Based on this study, consisting of 86 patients from 8 study centers, the U.S. FDA approved the NeuRx DPS® under a Humanitarian Device Exemption (HDE) for use in people with ALS and symptoms of reduced breathing capability (chronic hypoventilation). The FDA reviewed the results of this clinical study and determined that the probable benefit to health from the use of the device outweighs the risk of injury or illness from its use in people who have ALS and reduced breathing capability and meet certain other criteria. This analysis of outcomes in the HDE study has been reviewed, audited and disseminated by the FDA in the Summary of Safety and Probable Benefit available on the FDA web site (http://www.accessdata.fda.gov/cdrh_docs/pdf10/H100006b.pdf).
- Age 18 or older
- Participants with familial or sporadic ALS diagnosed as laboratory-supported probable, probable, or definite according to the World Federation of Neurology El Escorial criteria will be eligible
- Forced Vital Capacity (FVC) between 50 – 85% of predicted values at time of screening
- FVC greater than 45% of predicted value at time of surgery
- Bilateral phrenic nerve function clinically acceptable as demonstrated by bilateral diaphragm movement with fluoroscopic sniff test or with EMG recordings and nerve conduction times
- No underlying cardiac or pulmonary diseases that would increase the risk of general anesthesia greater than the expected risk of the patient with ALS
- Negative pregnancy test in females of child-bearing potential
- IDE pivotal trial (N = 86, 8 study centers)

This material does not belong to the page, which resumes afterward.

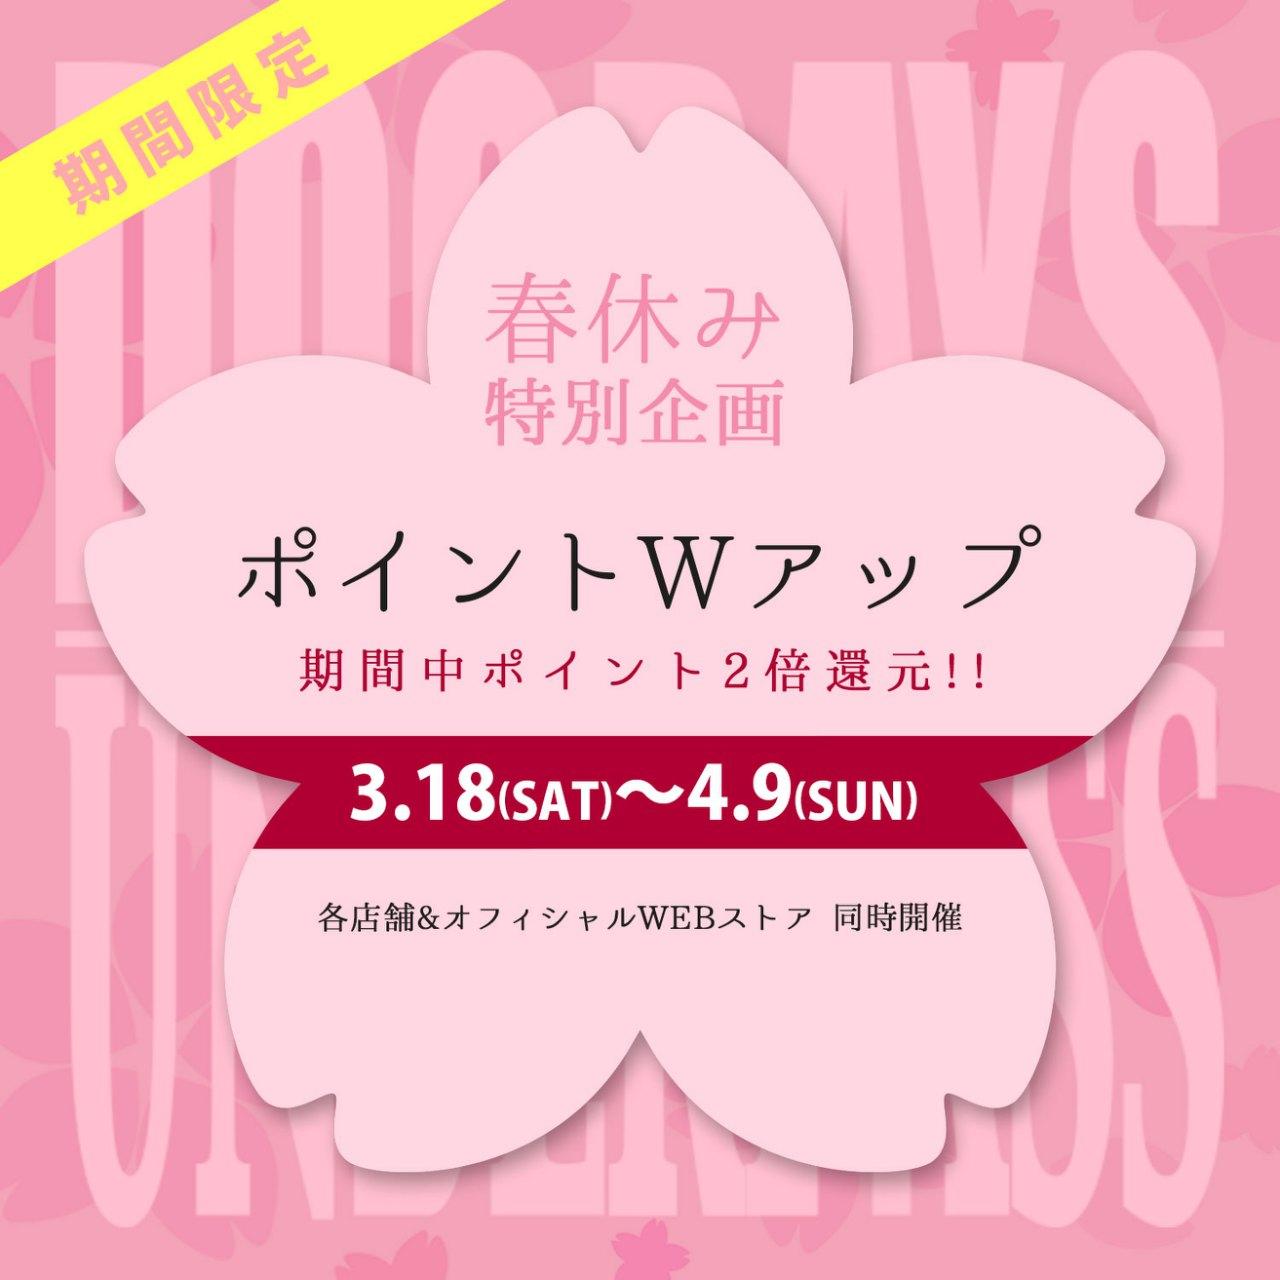 CONVERSE TOKYO - Collaboration Line._f0020773_2231489.jpg
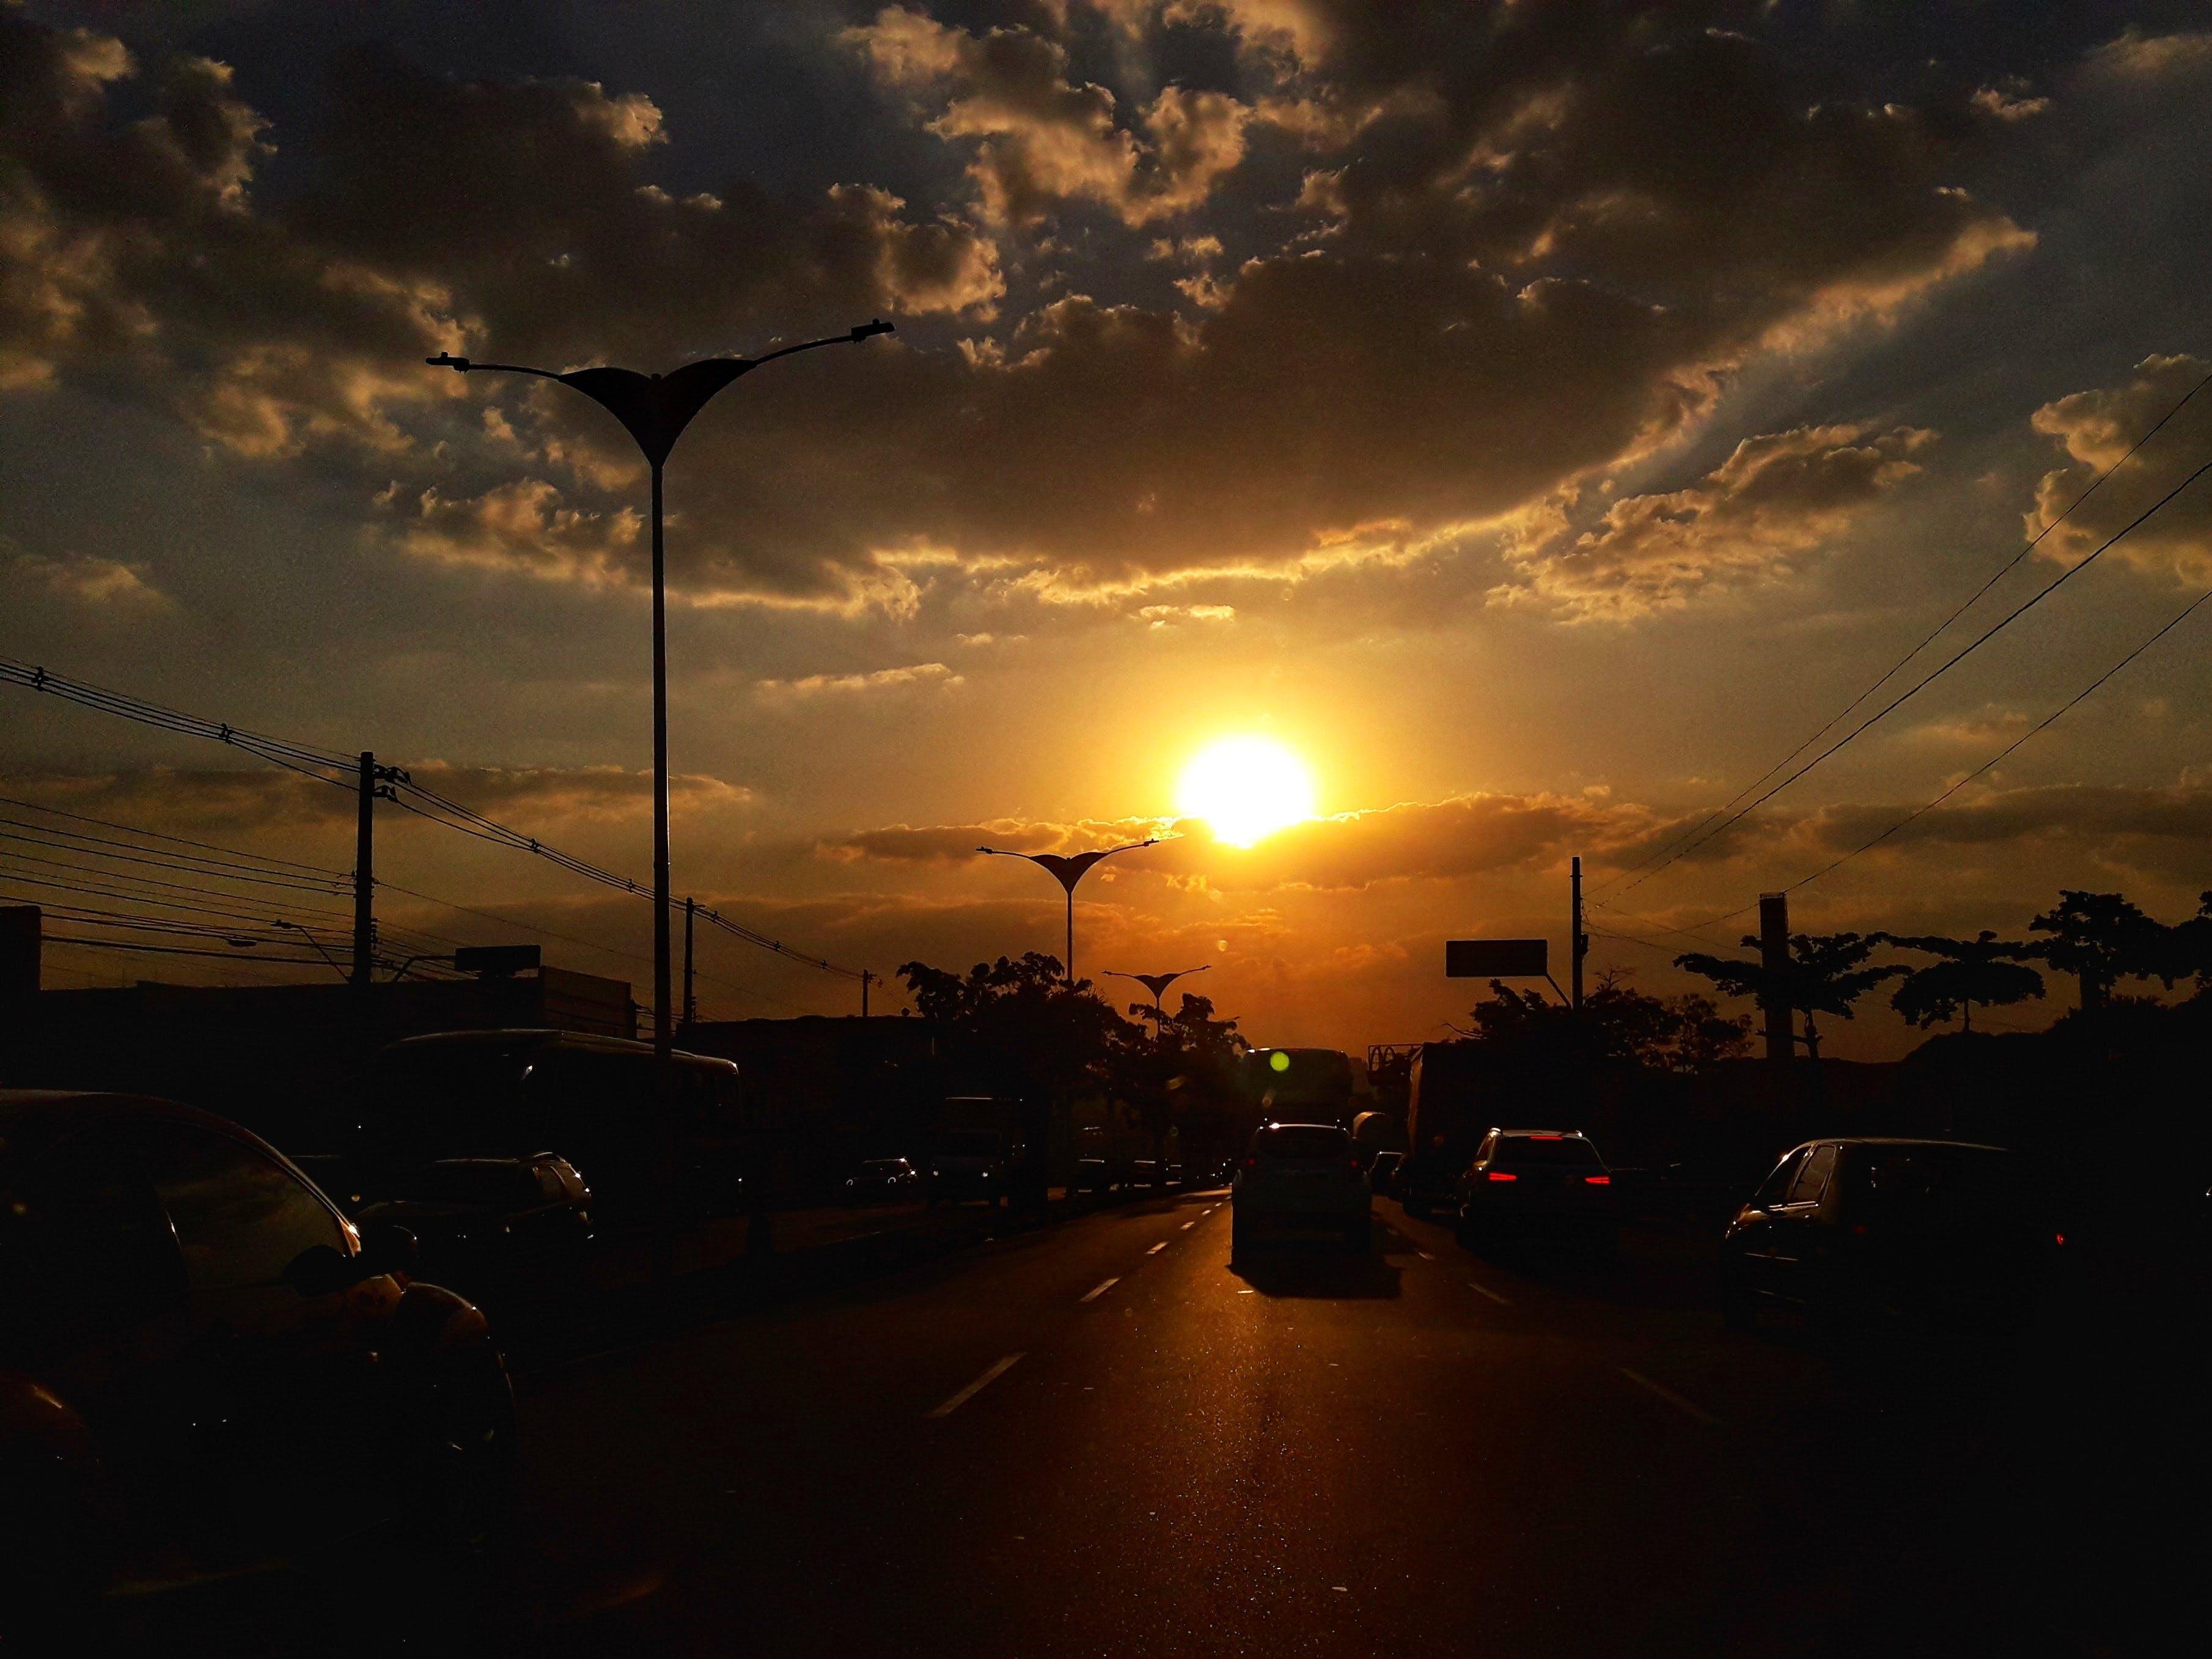 Free stock photo of #mobilechallenge, sunset

- The patients who used the NeuRx DPS® plus non-invasive ventilation (NIV) survived 16 months longer (on average) than patients who just used NIV. This 16 month time frame is from the time of diagnosis. Survival time was measured until death or the need for a full time ventilator and a tube in the throat (tracheostomy).
- The patients who used the NeuRx DPS® plus NIV survived 9 months longer (on average) than patients who just used NIV, when survival is measured from the initiation of NIV.
- Some patients had a feeding tube placed with the NeuRx DPS®. All of these patients survived past 30 days. Normally, 2 to 25 patients out of 100 (up to a fourth of all patients) would not survive this long.
- Some patients could not get used to or were unable to use NIV but used the NeuRx DPS®. They survived an average of 16 months after getting the DPS.
Some patients had their sleep tested after using the NeuRx DPS® for 4 months. They tended to have better sleep than before they received DPS.